Coding Tips That Actually Matter

Coding Tips That Actually Matter

Error Handling

Errors are values that implement the Error() string interface.

Don’t just check errors. Handle them gracefully.

Stack traces are unfriendly to errors. They’re hard to read and parse. They only tell us where something went wrong, not why it failed (the root cause).

Wrapping makes errors easier to locate:

func doSometing() ([]int, error) {
	i1, err := pkg.GetOne()
	if err != nil {
		return nil, errors.Wrap(err, "Err when get one")
	}

	i2, err := pkg.GetTwo()
	if err != nil {
		return nil, errors.Wrap(err, "Err when get two")
	}

	i3, err := pkg.GetThree()
	if err != nil {
		return nil, errors.Wrap(err, "Err when get three")
	}

	return []int{i1, i2, i3}, nil
}

Better error definitions:

  • Classify by severity level using logrus.Level
  • Classify by type so you can return just error types to clients while including more detailed custom errors (similar to stack info, error type, other data)
  • Add application-specific data
  • Make them searchable

I strongly recommend adding a custom error package for systems that need long-term maintenance.
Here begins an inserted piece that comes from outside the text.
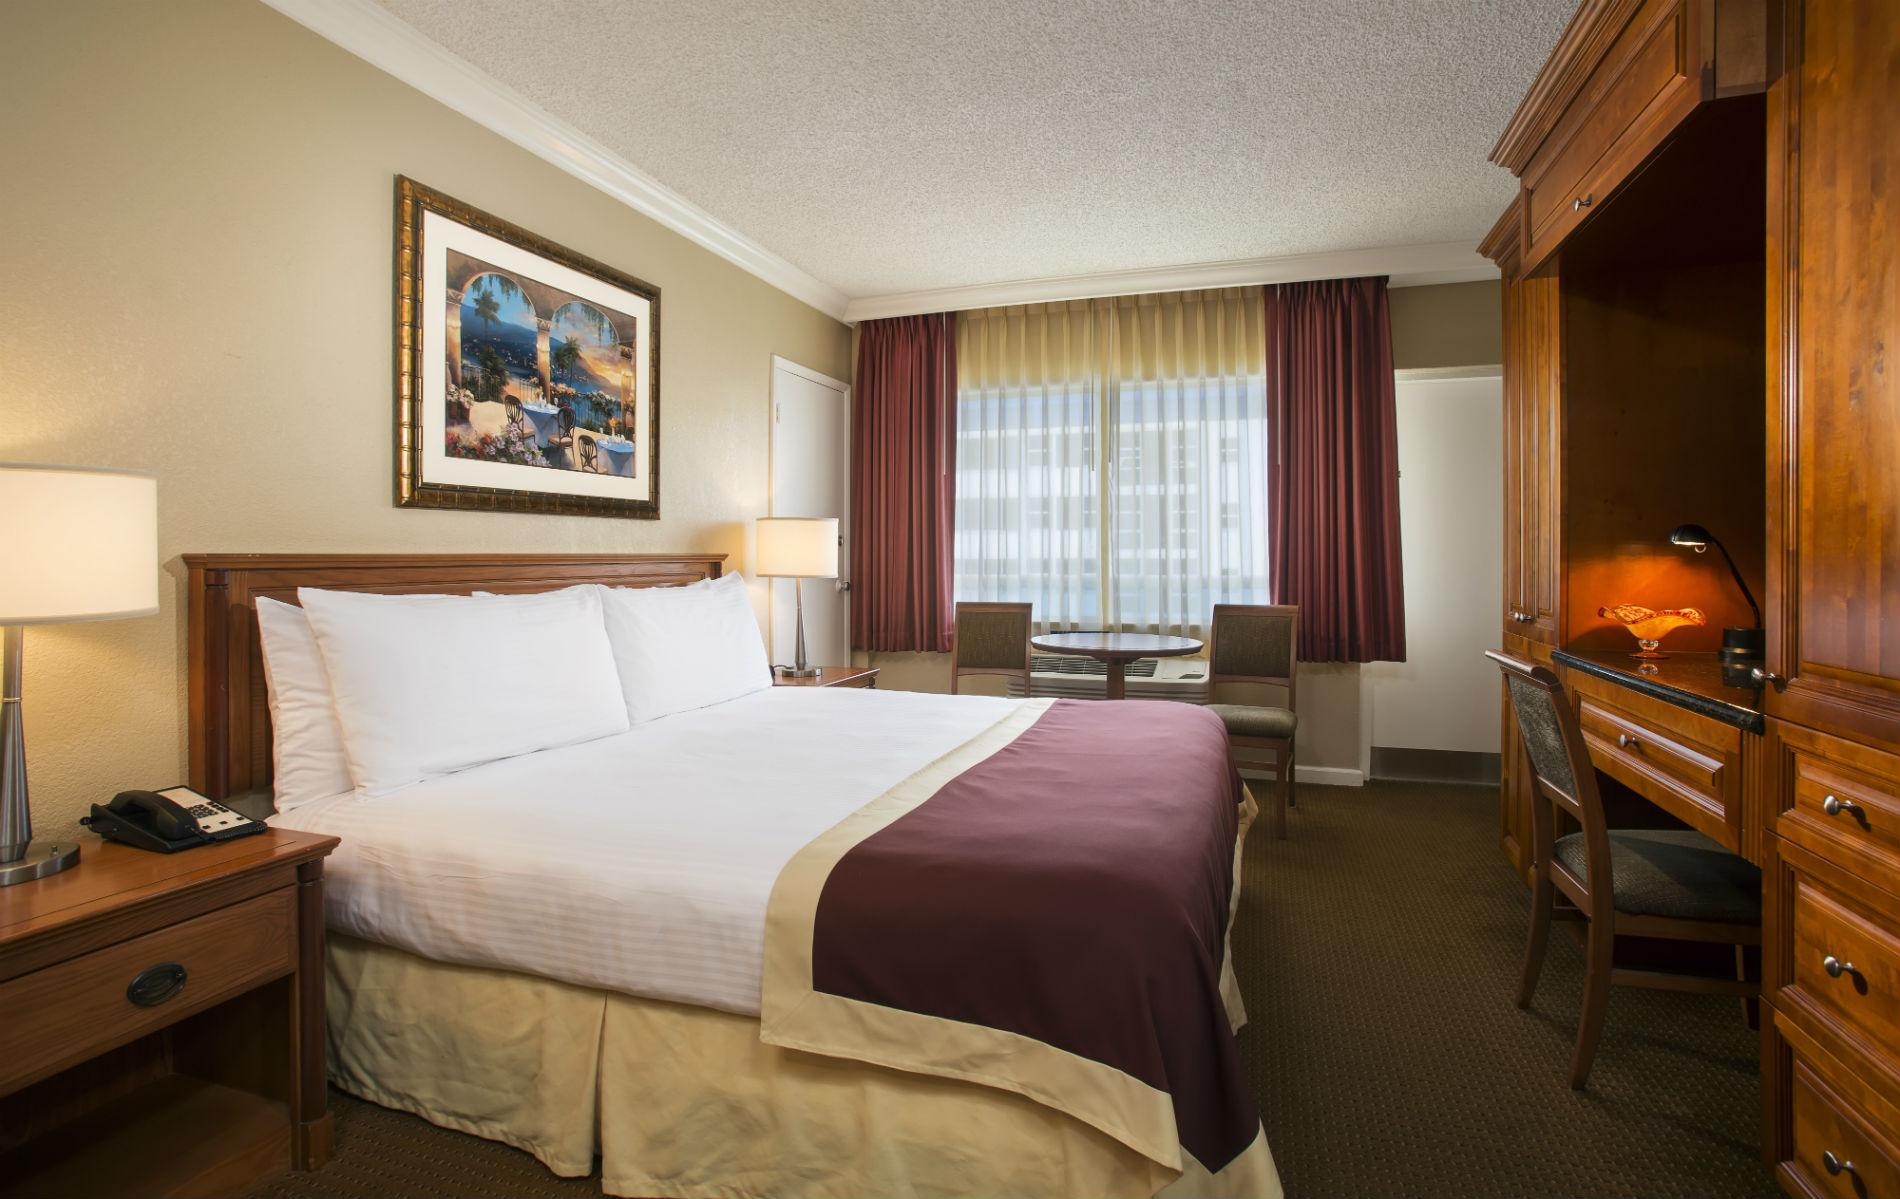 Chambre standard avec très grand lit

This separates system errors from user-level errors.

Return nil for no errors. Otherwise you might return an error that’s always non-nil!

Channels

Closed channels: closed channels can synchronize goroutines.

package main

import "sync"

func main() {
	var ch = make(chan struct{})
    var wg sync.WaitGroup

    for i := 0; i < 10; i++ {
        wg.Add(1)
        go func(n int) {
            <-ch // wait for close(ch), all goroutines start together
            println(n)
            wg.Done()
        }(i)
    }

	close(ch)
    wg.Wait()
}

Rules:

  • Never close a channel on the receiving end
  • Close the same channel only once
  • Closing a nil channel panics
  • Declare parameters as unidirectional channels to constrain users

Send only: c chan<- T Receive only: c <-chan T

You cannot range over an uninitialized channel.

Design Principles

Interface-oriented programming: abstract core actions into interfaces. This decouples specific structures and forms. Specific structs should be package-private. Provide initialization functions that return interface-typed objects.